What’s next? The three-step plan: identify, structure and sustain
Step 1: Identify areas for collaboration
Collaboration can take many different forms and doesn’t always need to be seen as resulting in a merger or acquisition. Based on our survey of campus leaders, the most common type of alliance is around academics. Collaboration on administrative and services functions is also common. In both cases, leaders said they chose partners based on complementary strengths. As you begin to identify areas where partnerships might be possible, here are some key questions to consider:
- What type of collaboration is most useful for your institution?
- To what extent is collaboration necessary to stay financially viable? Is there an opportunity to improve value to students or cut costs?
- What administrative, service and academic departments would benefit most from collaboration, and how deep should those collaborations go?
Step 2: Structure potential partnership opportunities
Institutions choose collaborating partners based less on proximity and more on the importance of shared vision. In our survey, college leaders who engaged in academic collaborations said the largest challenge was internal resistance as they attempted to structure the partnership.

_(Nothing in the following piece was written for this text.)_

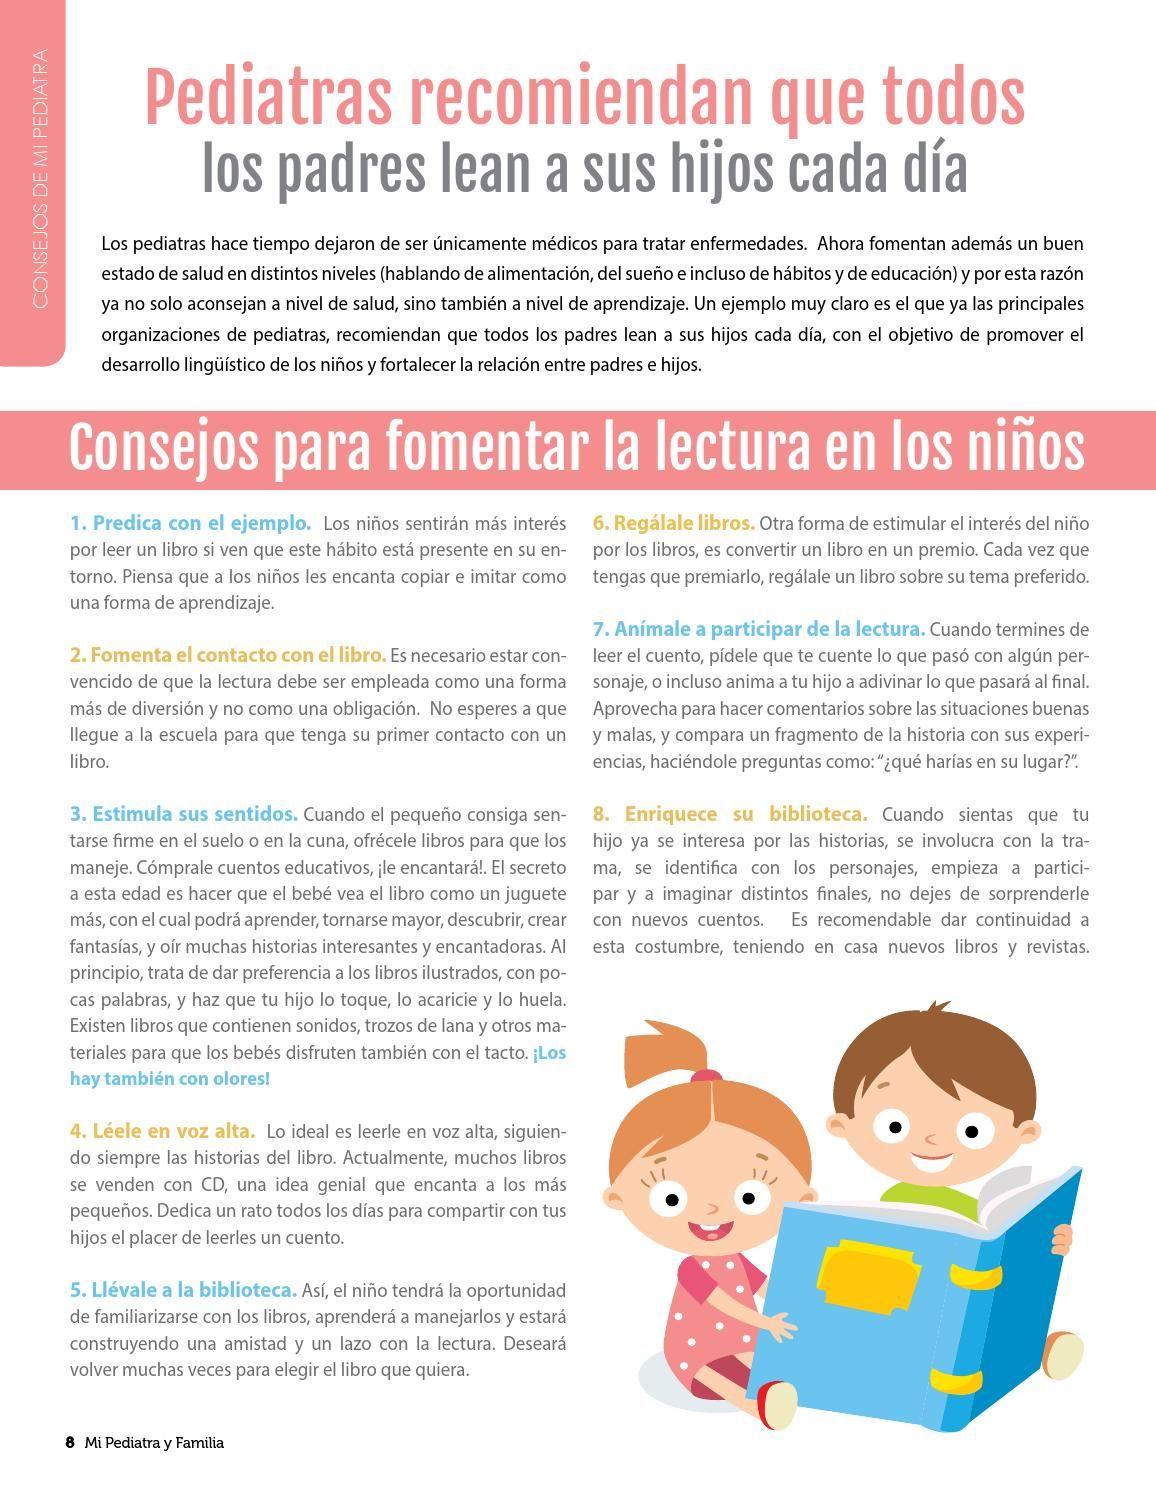 Revista Mi Pediatra y Familia La revista de los pediatras y de mamá - Derechos Reservados- 2015

When colleges partnered on administrative functions and services, the biggest hurdles were around implementing the agreement, specifically on determining matters of control. As you begin to prepare to structure a deal with a partner, here are some key questions to consider:
- What factors should be used to evaluate the feasibility and attractiveness of a potential partner (e.g., geography, shared vision)?
- Which institution is the best strategic, operational and financial fit for the type of collaboration being sought? What additional collaboration opportunities could we pursue with existing partners?

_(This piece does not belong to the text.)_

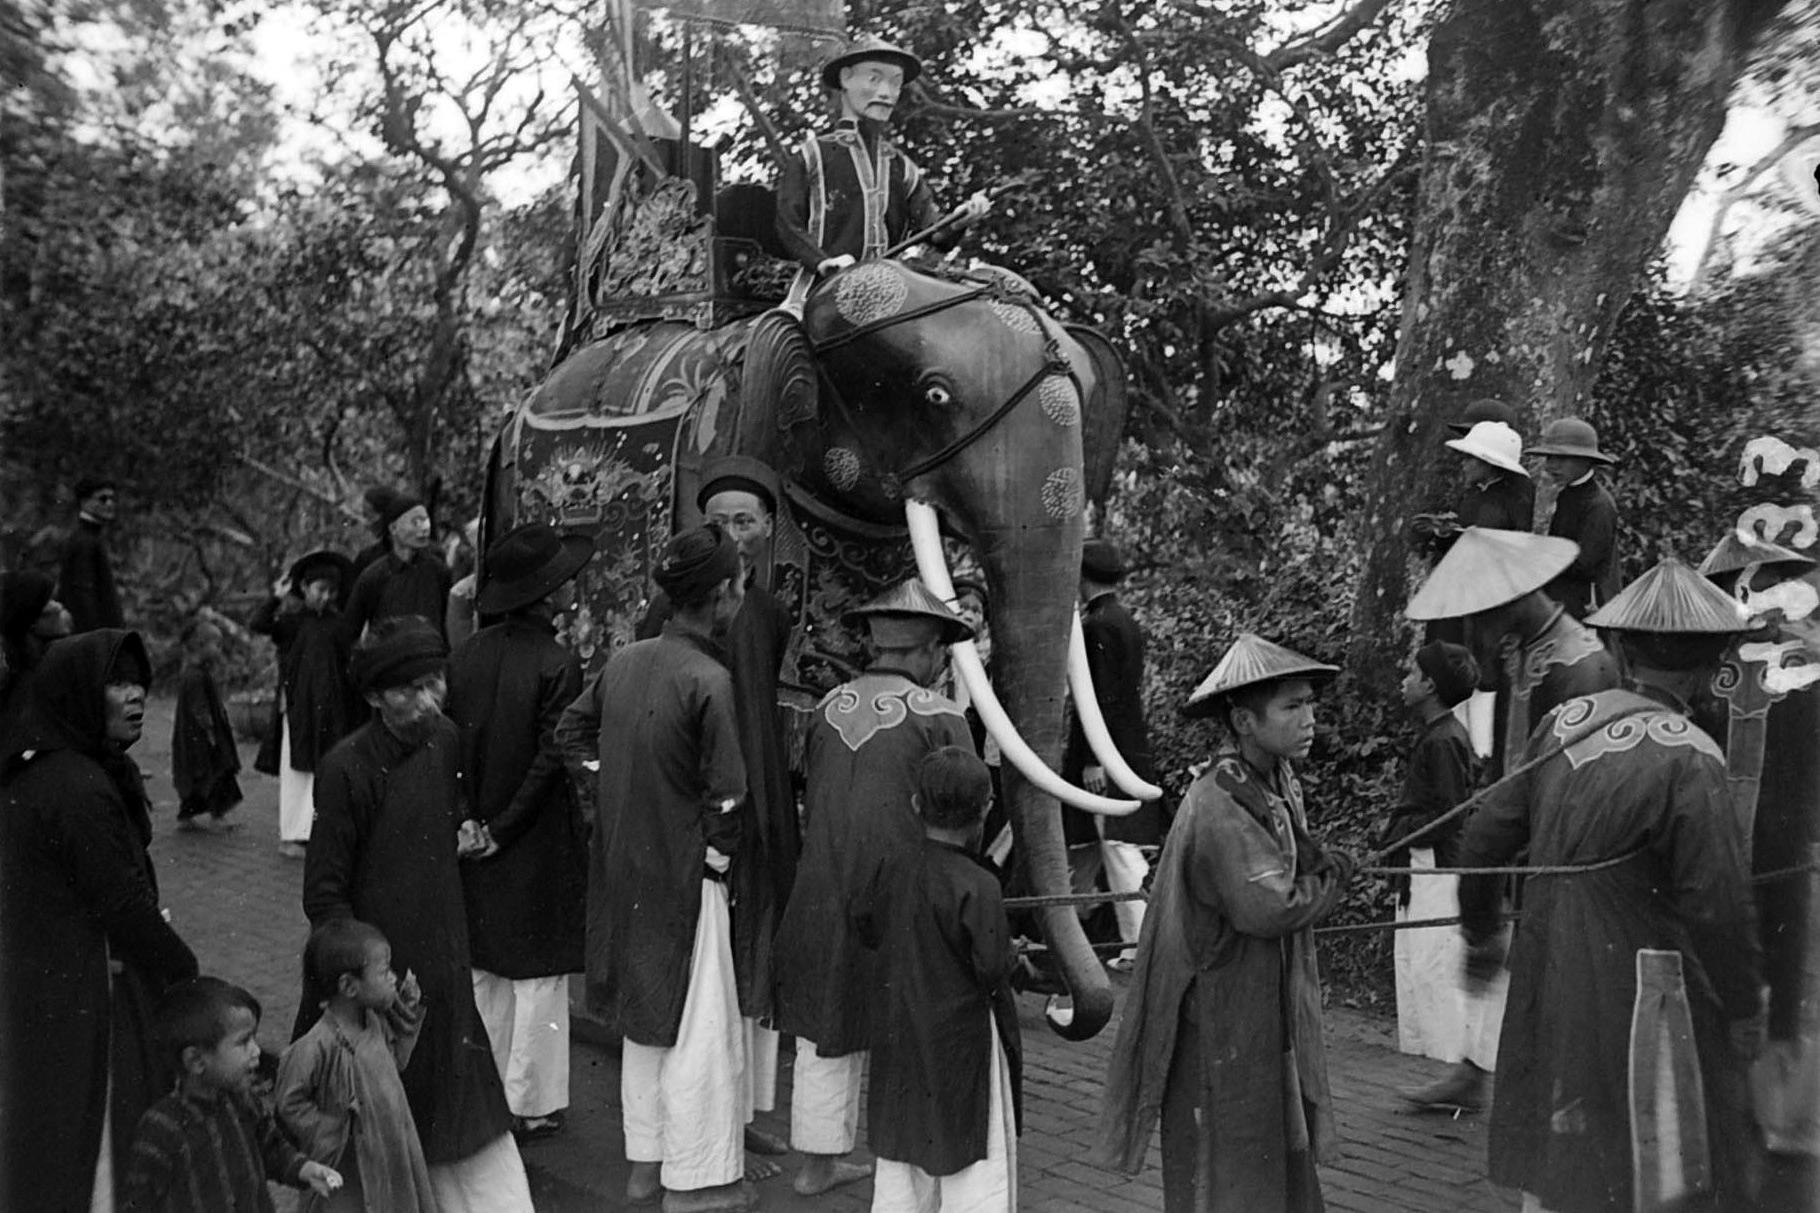 Chùm ảnh: Lễ hội đền Voi Phục ở Hà Nội năm 1928

- How will the collaboration work? Who has to sign off on decisions? How can the two institutions work together operationally?
Step 3: Sustain the benefits of a partnership
Forging a partnership might be the easy task; sustaining the benefits of a partnership over the long term could prove more difficult. In our survey, campus leaders said students were the biggest beneficiaries of partnerships because they improve the value of an education.

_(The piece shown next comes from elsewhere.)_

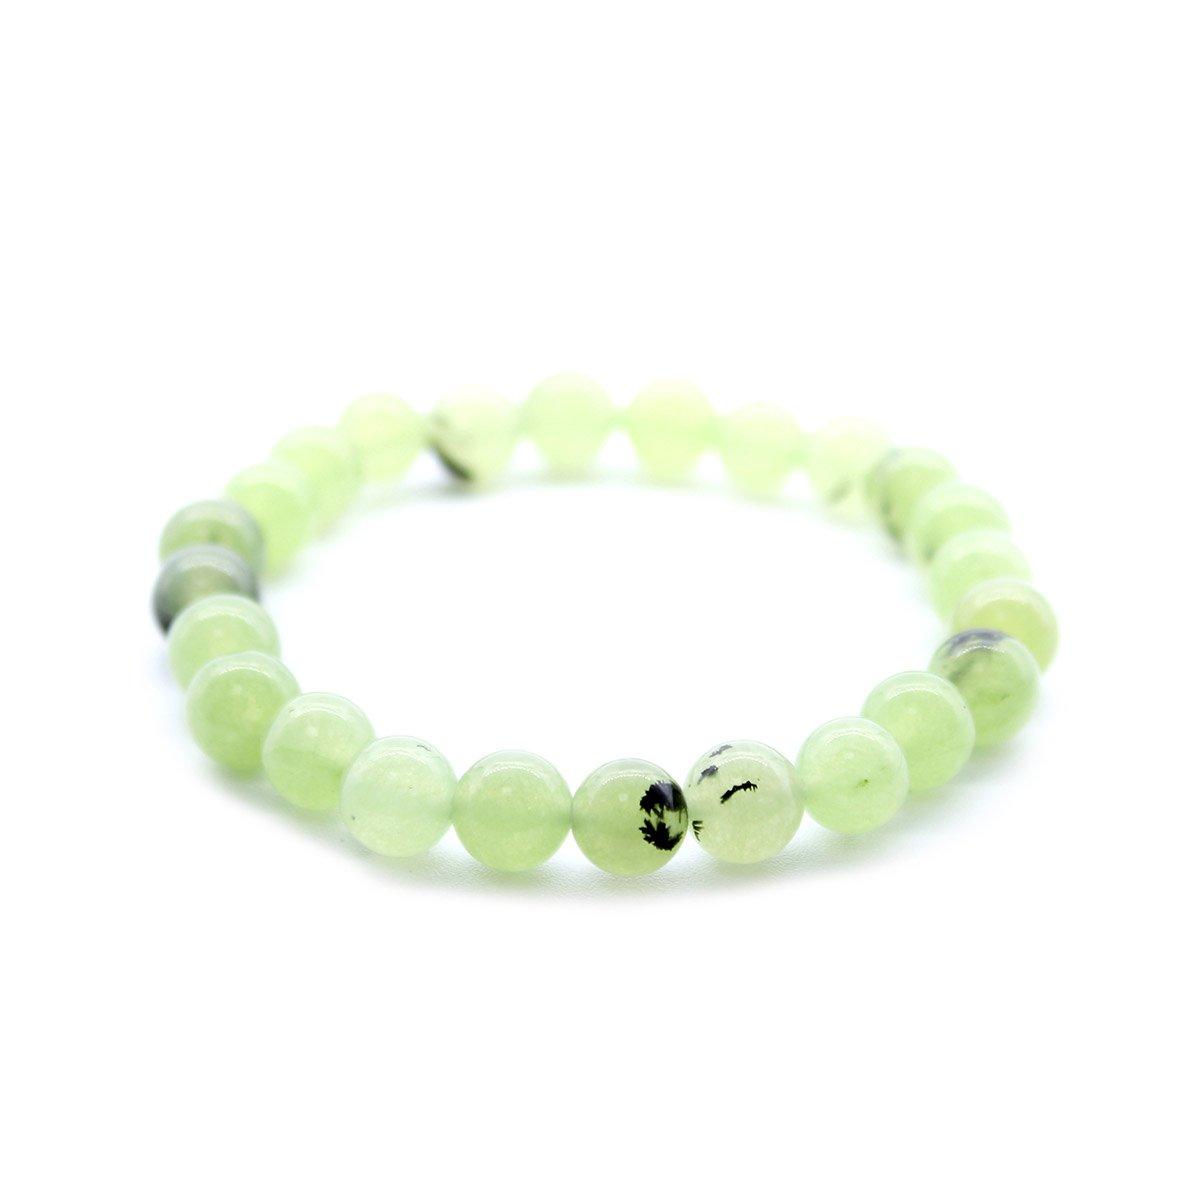 Jade Crystal Power Bracelet
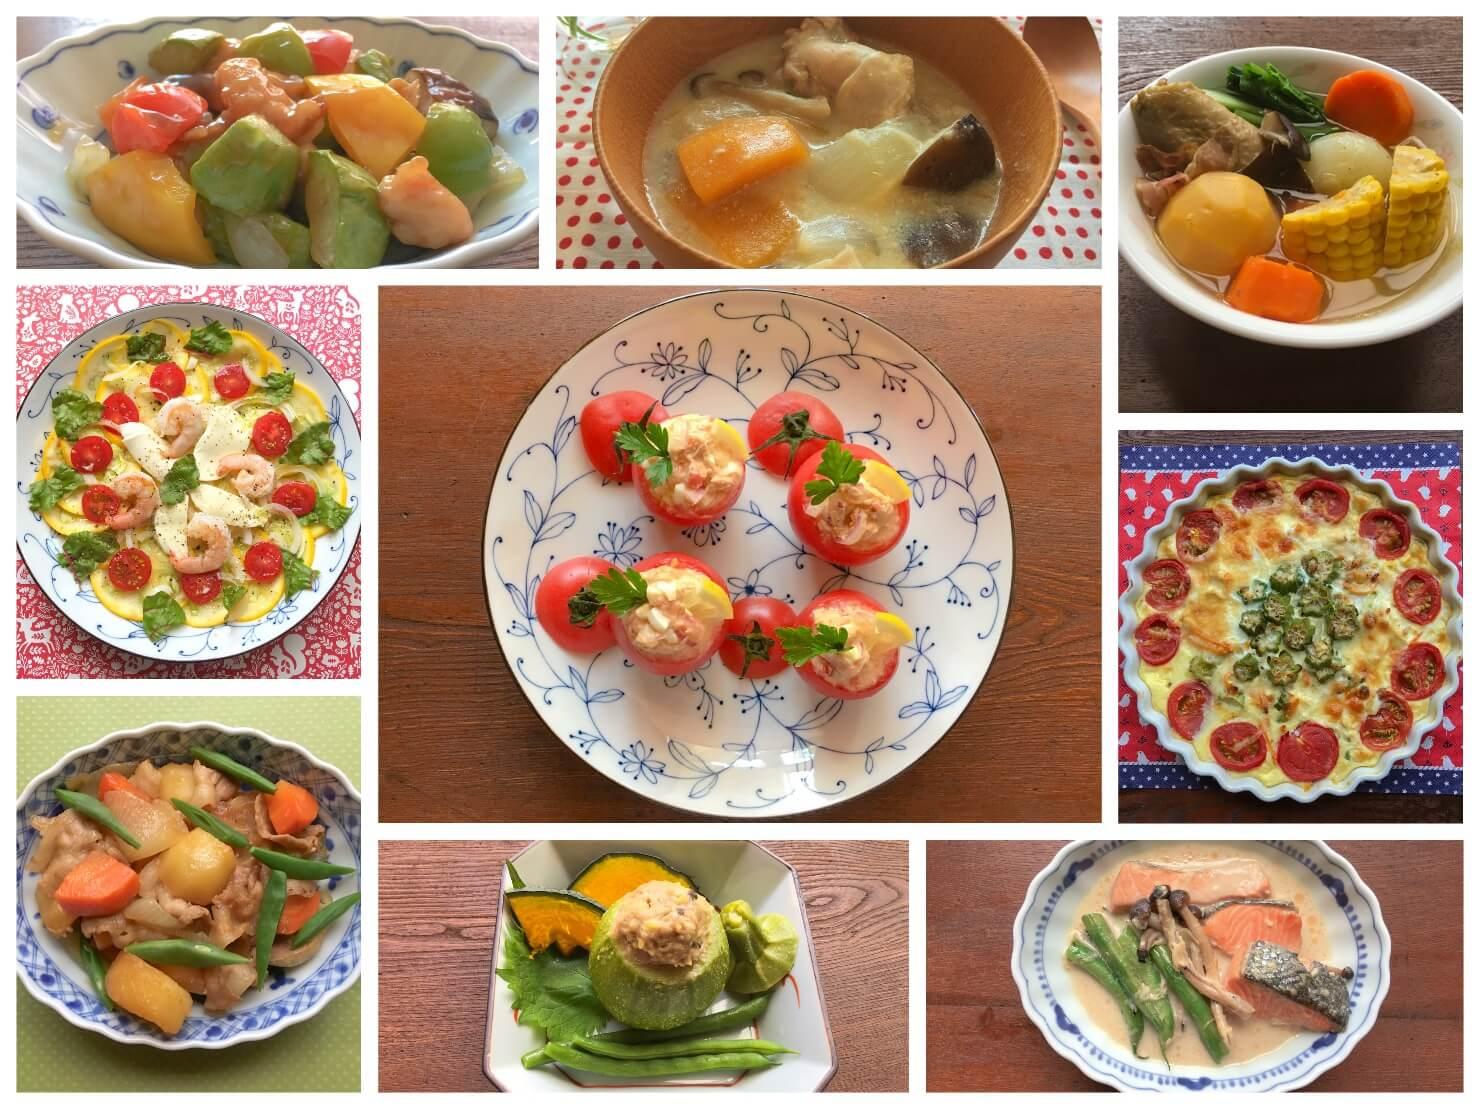 野菜料理の写真のコラージュ

While cost savings were less commonly cited as an important concern for academic collaboration, such partnerships are often an opportunity to “save costs” that would otherwise have been required to build out those capabilities. As you search for strategies to sustain the benefits of a partnership, here are some key questions to consider:
- How do we realize the full potential benefits of all cost-cutting opportunities identified in the first two phases (e.g., systems integration, real estate optimization)?
- How do we leverage collaboration to enhance value to students through expansion of services and academic offerings?
Conclusion
In this new era of higher education, collaboration is a strategy that many institutions will need to follow simply to survive. But partnerships are also a winning approach for colleges operating from a position of relative strength right now.
Collaboration can provide a much-needed boost — and quickly — in academic and co-curricular offerings for institutions without strengths in certain areas. By emphasizing collaboration, we can define this new era of higher education as one of growth through cooperation rather than retrenchment.